Per recensire questa metal opera non posso che iniziare menzionandone l'illustre cast di cantanti e musicisti: Al microfono: Tobias Sammet; Michael Kiske; Kai Hansen; David DeFeis, André Matos, Bob Catley; Oliver Hartmann; Sharon Den Adel, Rob Rock; Ralf Zdiarstek. Strumentisti: Henjo Richter; Markus Grosskopf; Alex Holzwart, Eric Singer, Norman Meiritz; Frank Tischer; Timo Tolkki; Jens Ludwig.
La presenza dietro al microfono di alcuni tra i vocalist più inarrivabili della storia metal dovrebbe già di per sé far scattare l'acquisto automatico, nonostante l'assegnazione delle pertinenze sia iniqua: ad Hartmann non spettano più di due strofe, per altro sublimi, mentre all'ideatore del Concept (Tobias Sammet) spettano la stragrande maggioranza; senza volergli nulla togliere, lui è un mostro negli acuti, e non gliene sentiremo molti.
"The seven Angels" apre il disco con una lunga intro ecclesiasticica, alla quale sovvengono Hartmann, Kiske, Rob Rock, Sammet, Hansen e Matos. Nel sottofondo abbiamo anche degl'archi. Traccia spettacolare e testi ispiratissimi, protratta fino ad un quarto d'ora.
"No return" avvia la metrice power con basso e chitarra sfrenati, linee vocali trascinate, affidate a Sammet e Kiske, ritornello troppo assiduo.
"The looking glass" procede identica, alleggerita nel sottofondo, al microfono Sammet e Catley. Refrain ancora invadente. Buoni i passaggi chitarra solista.
"In quest for" riprende col piano, e sempre il duo Catley-Sammet, canzone lenta e belle le strofe. Il concept è sul tipo del "Signore degli anelli", con al posto dell'elfo un monaco, al posto dell'anello dei sigilli, noché nuance filosofica orientaleggiante.
"The final sacriface" avanza un metal più ruvido, finalmente strepitosa l'interpretazione di Sammet e bravino anche DeFeis (un po' gracchiante) traccia questa, a mio dire, migliore del disco.
Riprende il microfono Rob Rock su "Neverland", insieme all'onnipresente Sammet e cori.
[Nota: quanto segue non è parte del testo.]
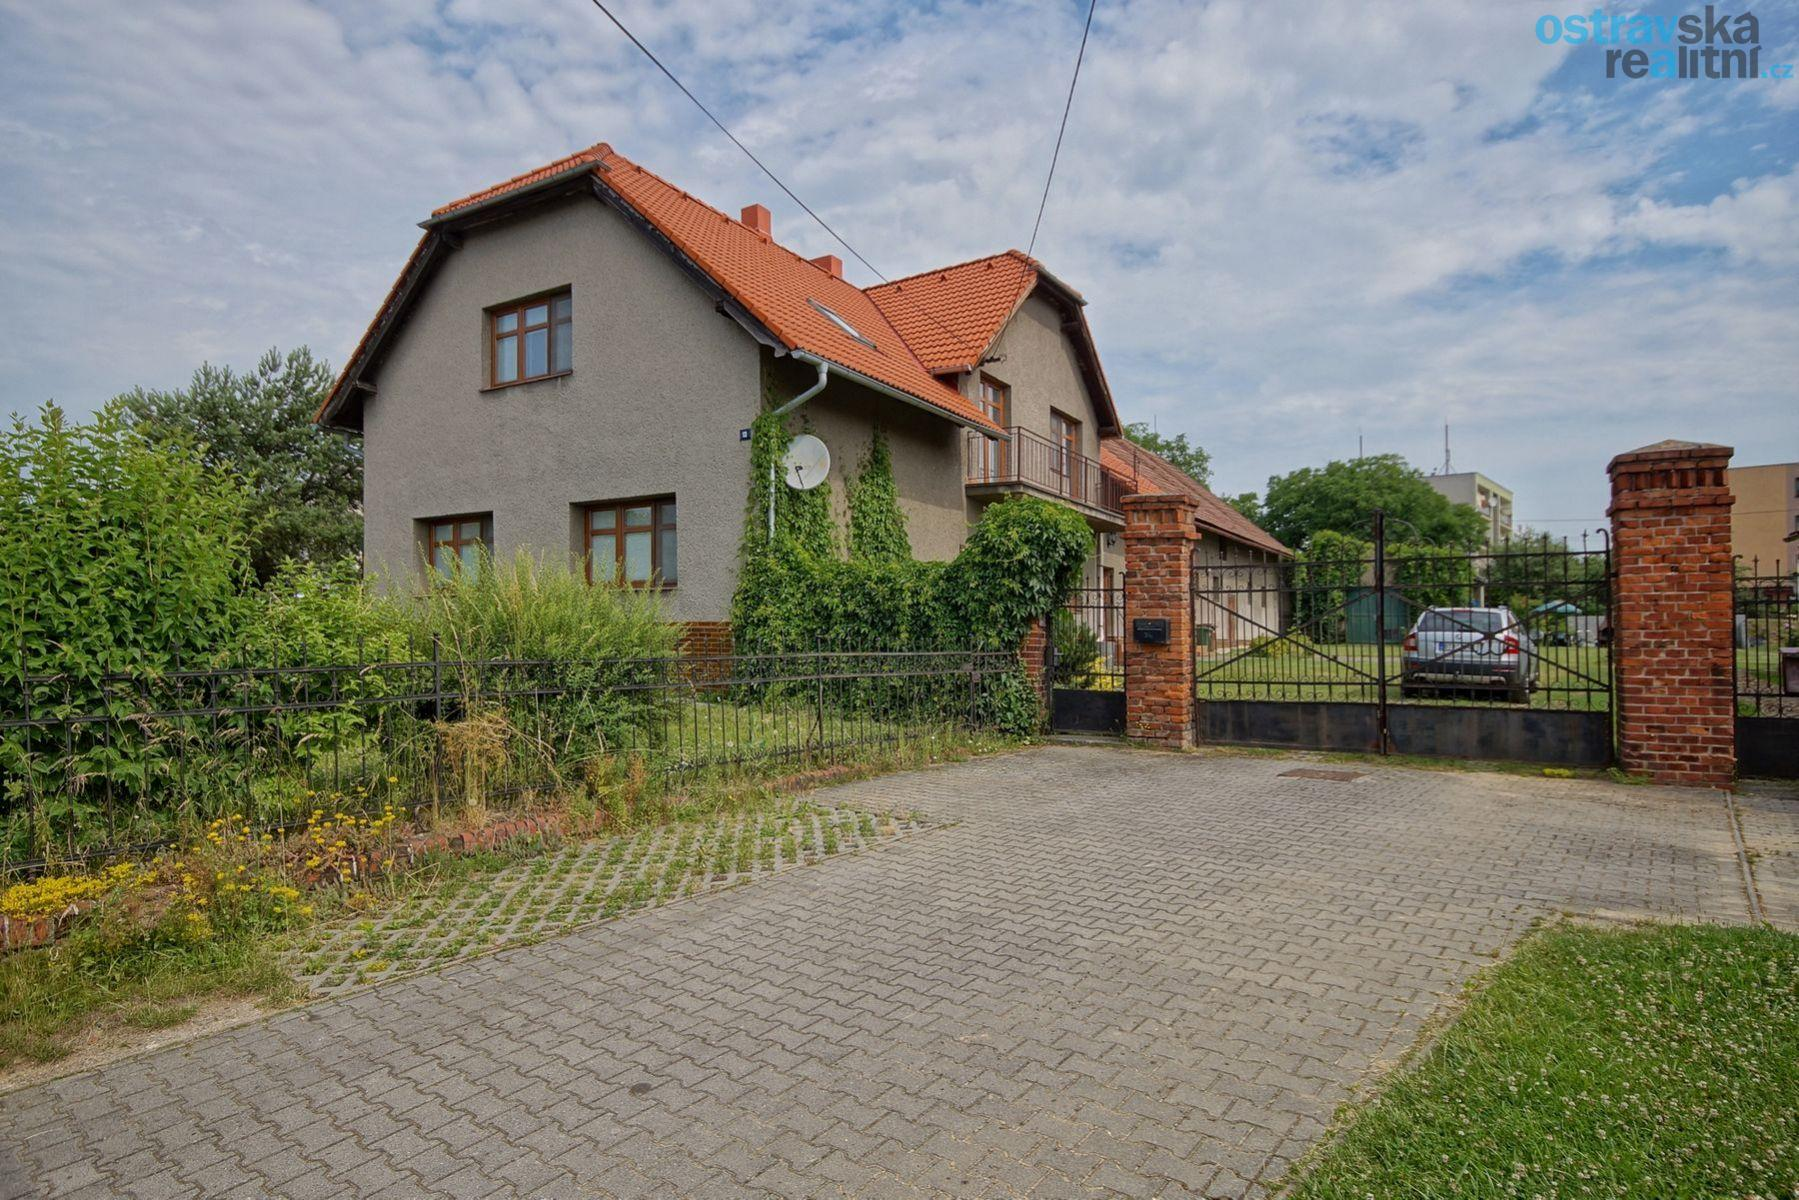 Prodej, dům 4+1 a 2+1, Velká Polom, velká zahrada

I cori poi sono ciò che fornisce un'impressione propria all'album, più ecclesiastico del classico power.
"Anywhere", secondo lento, molto ispirato nel refrain in rima, tratta temi quali la speranza, il futuro e l'amicizia.
Le tracce seguenti ripristinano il complesso collettivo al microfono (in cui debutta l'ottimo Zdiarstek, meno conosciuto, ma a mio dire il migliore) assieme alle alte frequenze.
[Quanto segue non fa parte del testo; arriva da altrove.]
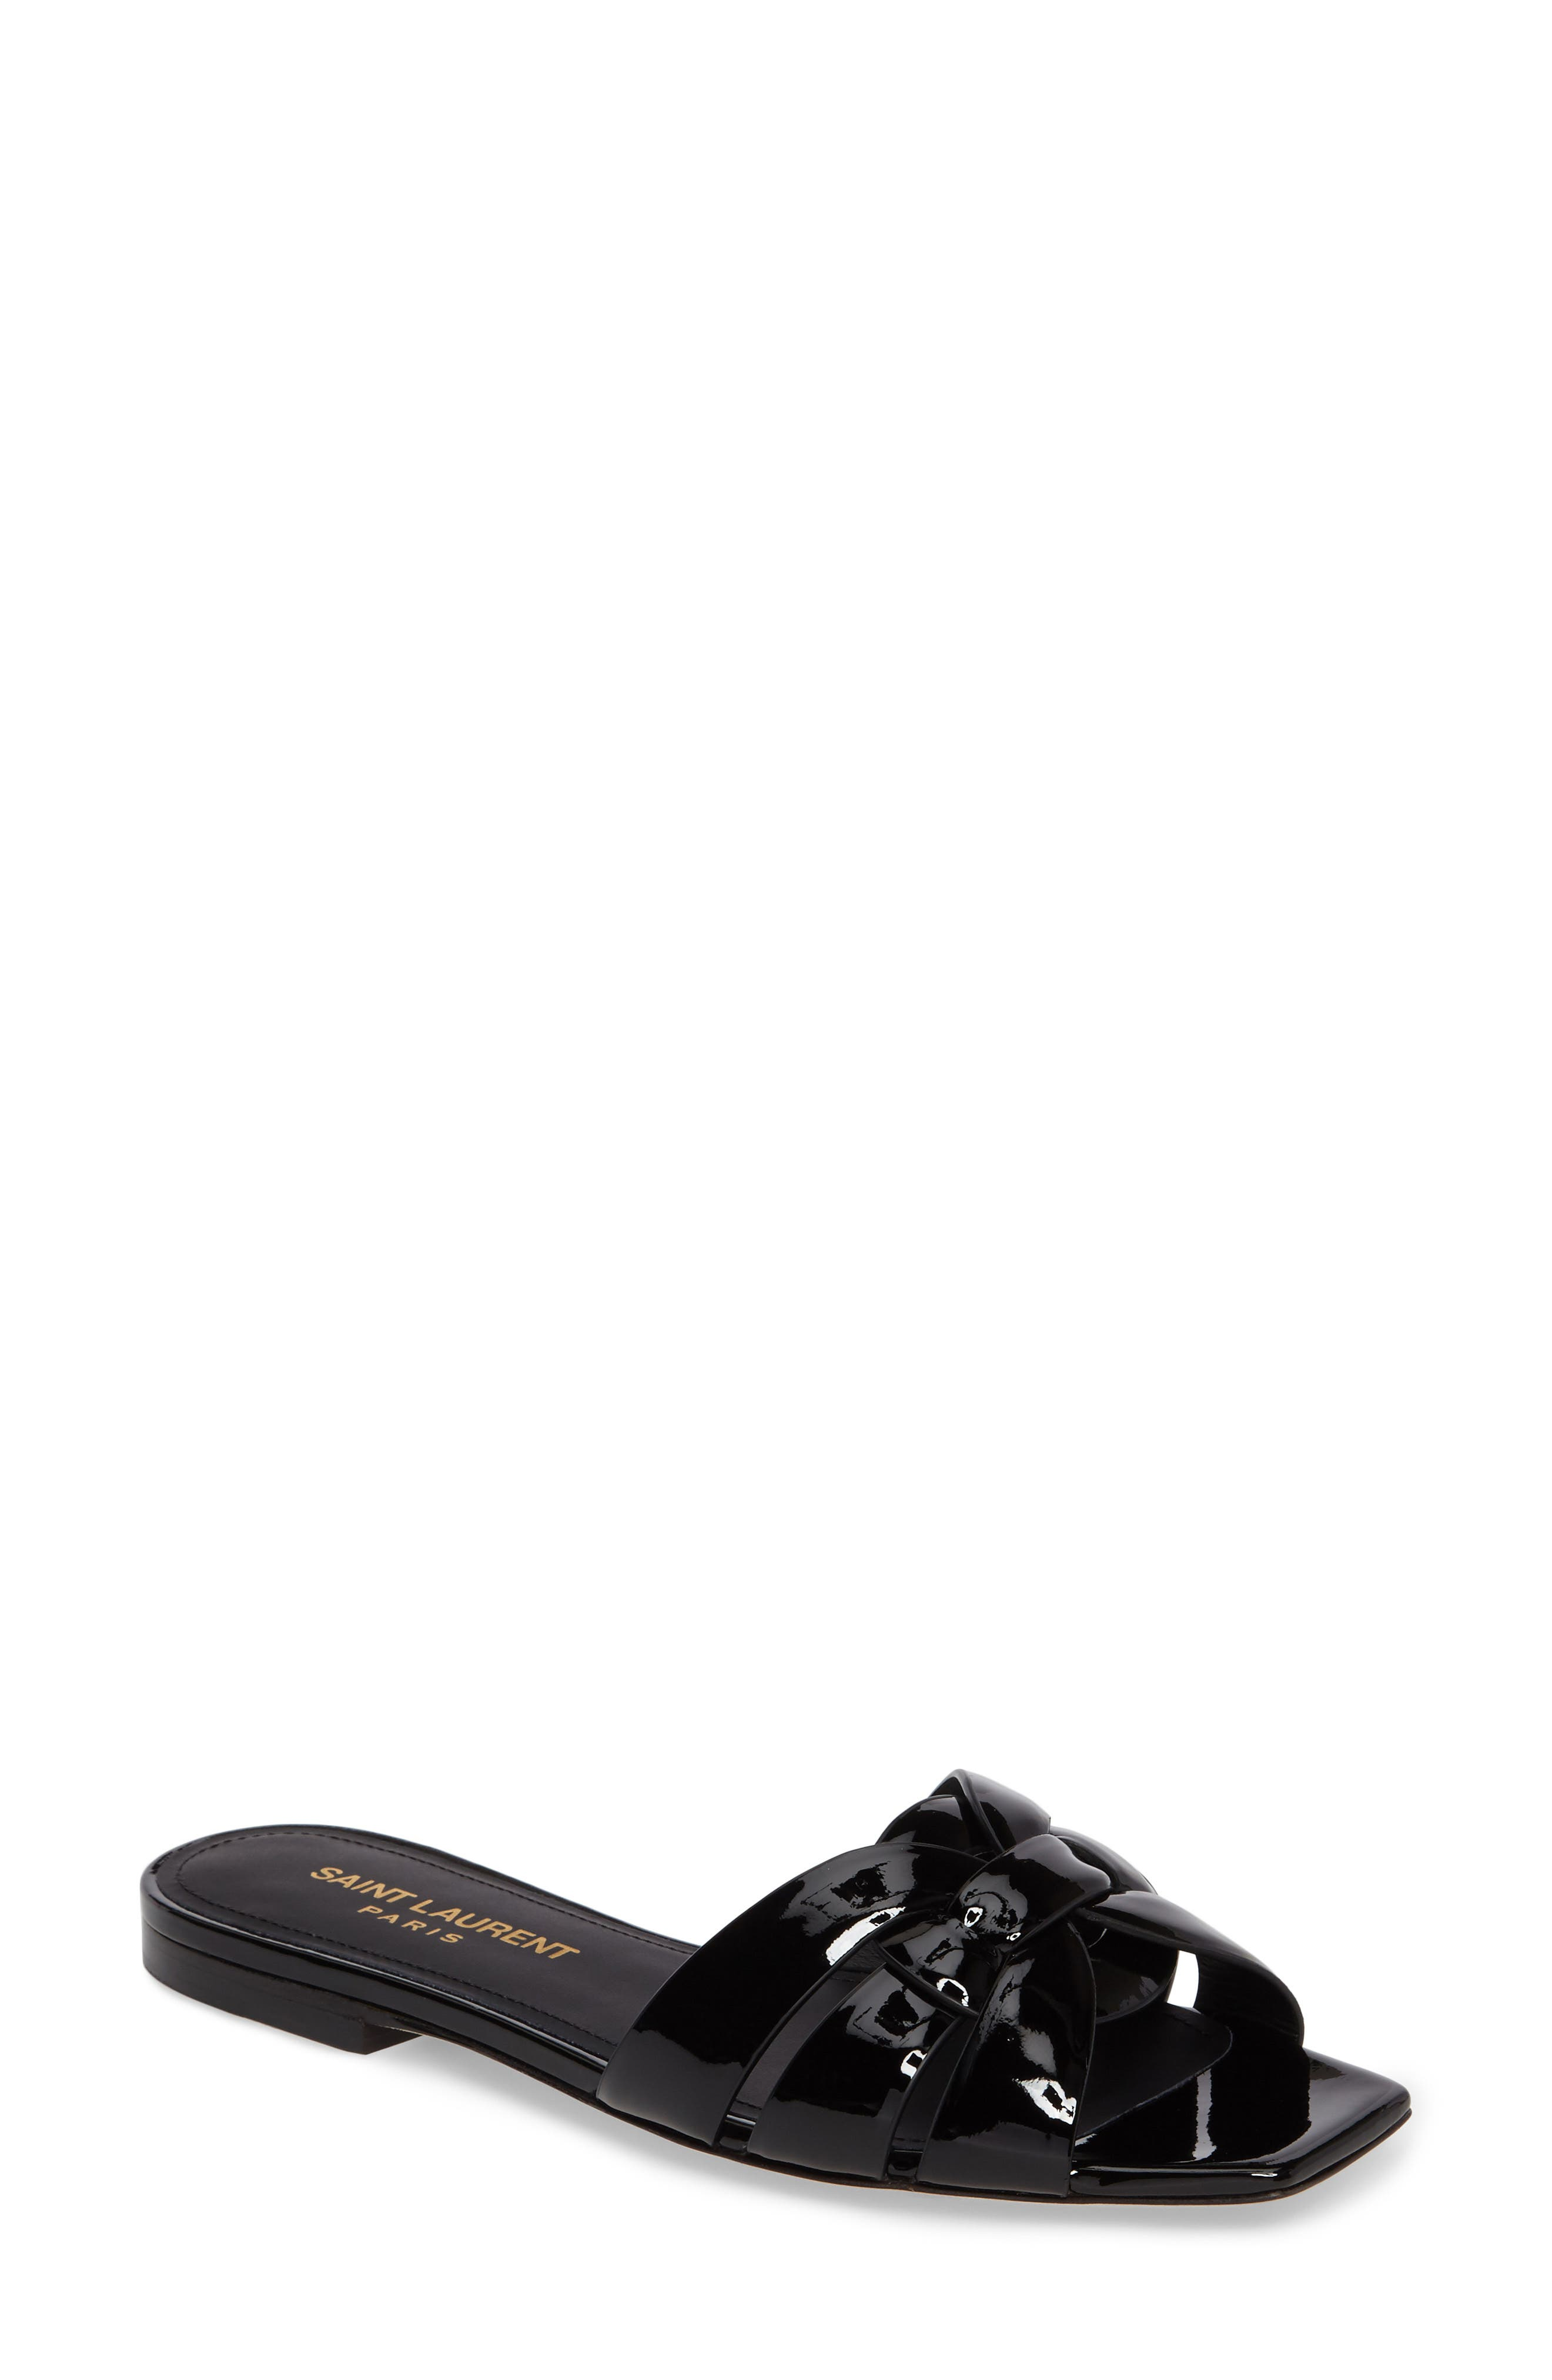 Tribute Slide Sandal,                             Main thumbnail 1, color,                             BLACK PATENT

L'ultima traccia presenta l'incantevole Sharon Den Adel per non più di una strofa (altro strafalcione di Sammet), mantenendo poi le coordinate.
Per tante ragioni questo disco dovrebbe essere sacro per gli amanti del metal, per altre no, fra cui, a mio avviso, sta la bassa marcatura negli avvicendamenti al microfono. È anche vero che alcuni di questi cantanti hanno un timbro molto simile, però chi ha ruolo di contralto non spicca particolarmente. Stesso problema che ha avuto il progetto Ayreon, sempre a mio giudizio. Ad ogni modo tanto di cappello a quasta opera di Sammet, che la buona volontà ce l'ha messa tutta, con discreto risultato.